Take-Two prepares for life after Grand Theft Auto V
The game maker closes out one of its strongest ever fiscal years. The next step: finding a big hit in the months and years after its most successful launch.
Nick StattFormer Staff Reporter / News
Nick Statt was a staff reporter for CNET News covering Microsoft, gaming, and technology you sometimes wear. He previously wrote for ReadWrite, was a news associate at the social-news app Flipboard, and his work has appeared in Popular Science and Newsweek. When not complaining about Bay Area bagel quality, he can be found spending a questionable amount of time contemplating his relationship with video games.

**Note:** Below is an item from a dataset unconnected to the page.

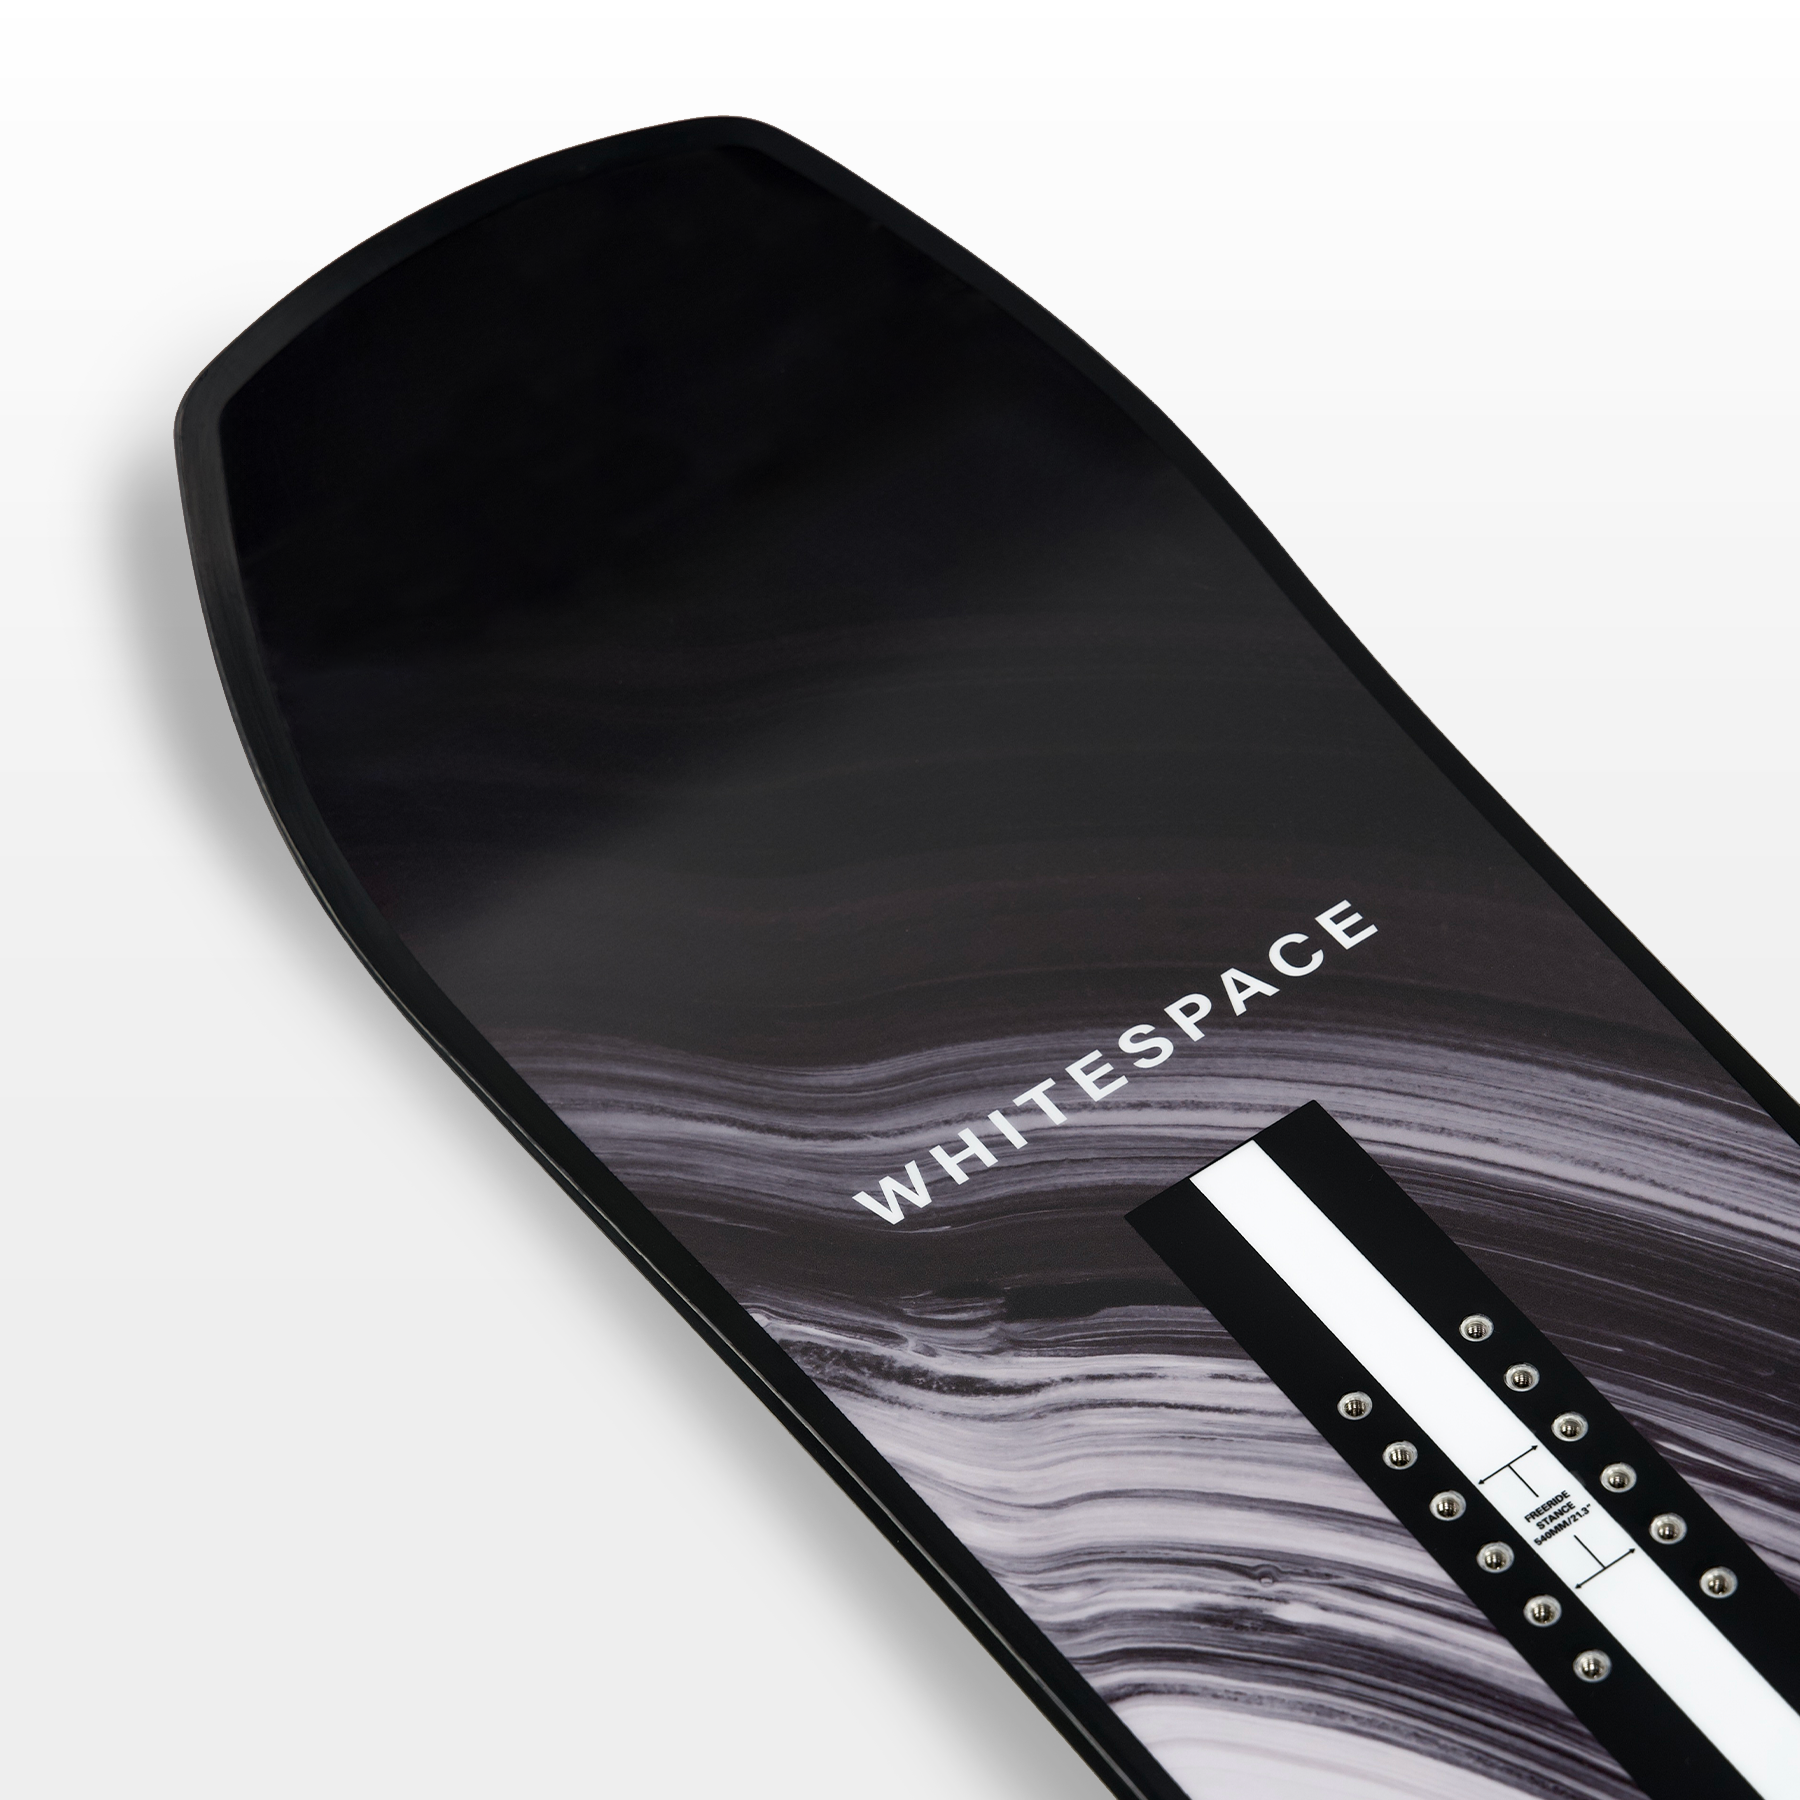 Shaun White Launches New Snowboard Brand, 'WHITESPACE

Grand Theft Auto V, with nearly 52 million units sold, is one of the most successful games ever made, helping game maker Take-Two Interactive wrap up another strong fiscal year.
The company reported fourth-quarter earnings Monday that handily beat Wall Street estimates fueled in part by sales of the crime game that lets players perform a dizzying array of criminal and noncriminal activities in a photorealistic recreation of Los Angeles.
The game, known as GTA V, has an online component that allows players to spend real money on in-game currency, which helped drive Take Two's sales last quarter. The company says Internet sales of items like in-game currency, additional storylines and other add-ons grew 66 percent to $202.5 million compared with the same period last year, representing 47 percent of its quarterly revenue.
GTA V was a historic release in the games industry. Take-Two subsidiary Rockstar Games, which develops Grand Theft Auto, was able to release it not just once, but three different times on three different platforms. That helped the title rack up record sales over the course of the last two years. GTA V was the fastest-selling game ever when it first came out in November 2013, earning $1 billion in its first three days of release.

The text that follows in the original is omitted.